Yeah. Illegal numbers.
Instead of shilling for the LLM providers.
Secondly these are "just" IDORs, arguably the easiest class of vulnerabilities.
Thirdly it compares to GPT 5.5 and Opus 4.8.
No, we don't have Mythos at home.
mythos is <10% ahead of gpt 5.5 on all benchmarks, which it gains by being several times the size of opus. had it been economical to provide, it would've been released to the public on day one instead of the marketing circus those effective altruism clowns had exhibited. admitting that it costs >1000% to run inference on a <10% better model would've been very damning.
do you have a source for this claim? i thought LLM providers earn high margins from inference (charged by token). is this no longer the case?

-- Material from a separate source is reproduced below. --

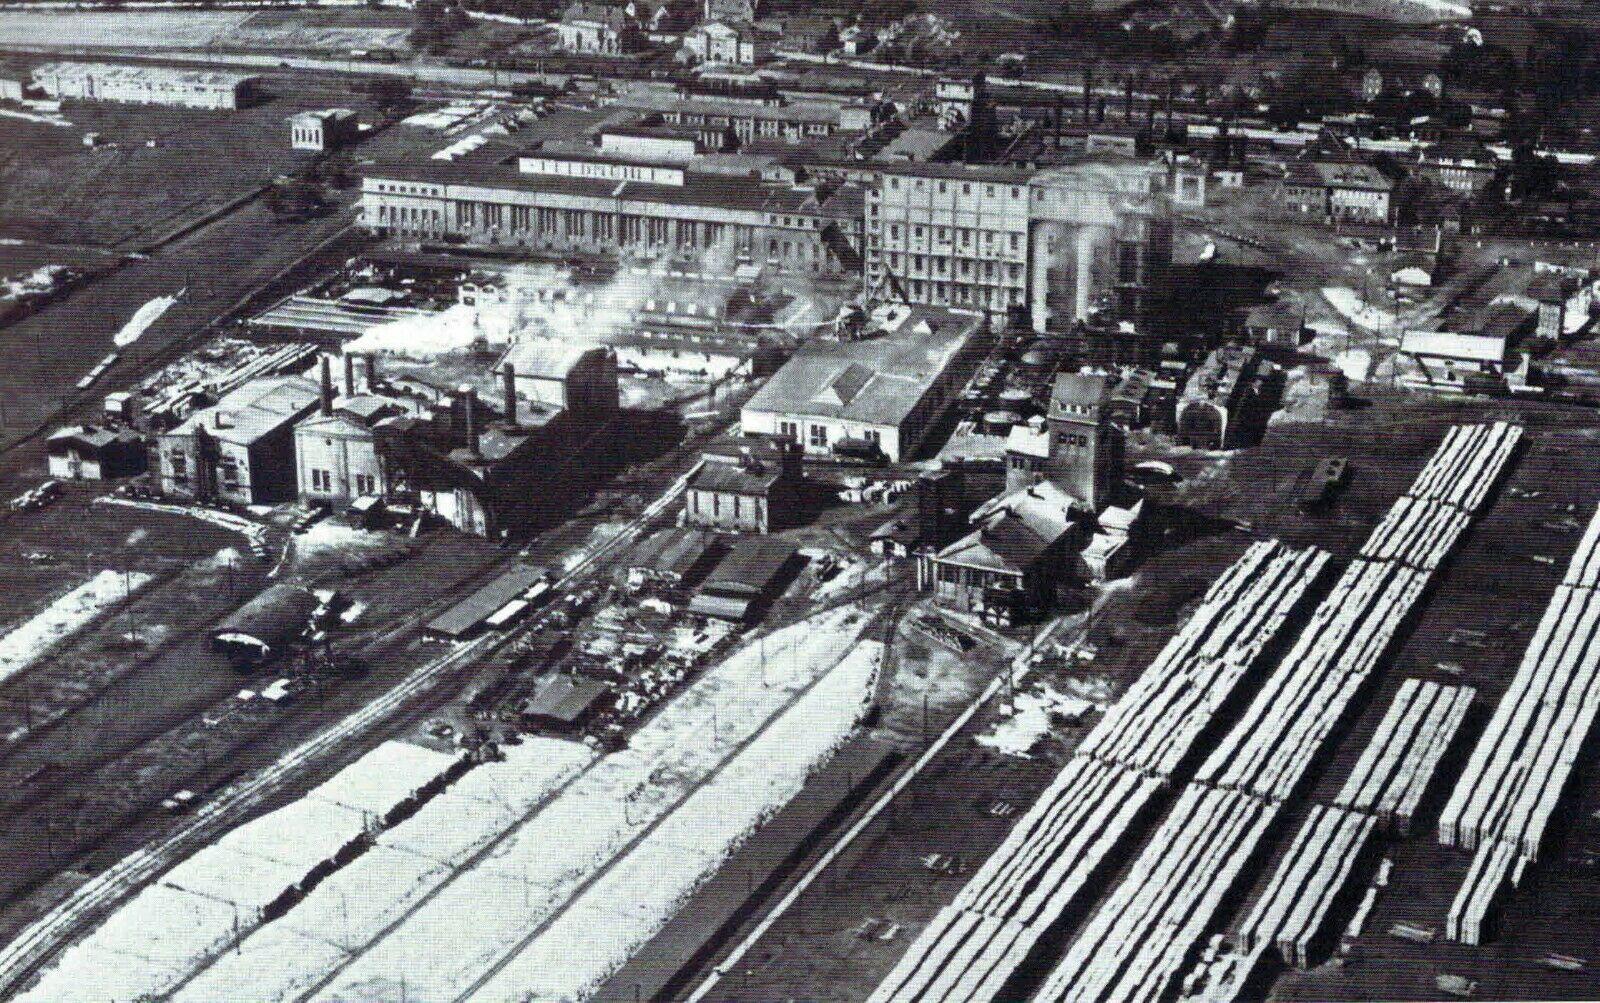 Stettin Szczecin Papierfabrik Feldmuhle Luftbild Pommern 1931

The only ones who seem to profit are the ones running smaller Chinese models. Even NVIDIA seems to have to "reinvest" their profits into sponsoring companies to buy their cards now.
no one has a source, because no one knows closed model parameter counts. we have only heuristics which strongly indicate that Mythos is simply a big fucking model that any other lab could make an equivalent of.
> No, we don't have Mythos at home.
That's still useful. To paraphrase the kids these days, GLM5.2 is in the room with us, today. Mythos is not. And for us in the EU, it's even more complicated, as Mythos might be with us in the room one day, and go poof the next day, on the whims of political entities that we have 0 control over.
Knowing where open, accessible, local models are is important. We know they're behind. But there comes a time when "good enough" is useful. Even if they're "just IDORs" today, and even if they're behind SotA today.
As someone else said above, GLM5.2 (and other models in the same tier like kimi, dsv4, etc) is / are slowly becoming "good enough" to assist in automated repo prepare work (download, install, test, edit, re-test, etc). And that translates in RL traces ready to be trained into the next generations. That might be more important than x% behind on benchmarks.
Beats which model in Claude? Whenever a "benchmark" doesn't put precise model numbers in their headlines I am immediately skeptical. Either they don't know the difference (bad) or they are benchmarking against weaker models (misleading, also bad).
It's like when studies say "AI is bad at X" and they used GPT-3.5 in current year.
How are we supposed to stay skeptical of everything if we read anything!?
What we're they? Also, wouldn't one expect a more recently released coding agent (with a more recent knowledge cut off) to perform better because they have access to more knowledge about vulns in these OSS projects, and even possibly have knowledge of your own "prior research"?
After installing, do a `n8 build` to build the image, then `n8 --danger --provider opencode interactive` to launch it in a container.
Signup for GLM-5.2 here: https://z.ai
I think they give $5 trail credits to test with any of the open weight models.
The incentive to develop these Chinese models further is to trash the business case of most American AI labs.
This article only talks about detecting vulnerabilities, so it's unclear if it's a true Mythos equivalent.
I'd be mostly fine switching to it.
I just can't find a cost effective way to do that. z.AI's coding plan is both overpriced and unreliable. ollama's is also overpriced. Paying by the token for it on openrouter etc is more expensive than just having a Codex or Claude coding plan.
If you have to pay by the token, it's clearly cheaper. It's not competitive with a coding plan though.
Which I guess makes what semgrep sells obsolete. Unless they have built a pareto-optimal point in terms of capabilities and token usage maybe?
What explains it?
Is TFA lying? Is the most upvoted comment here lying?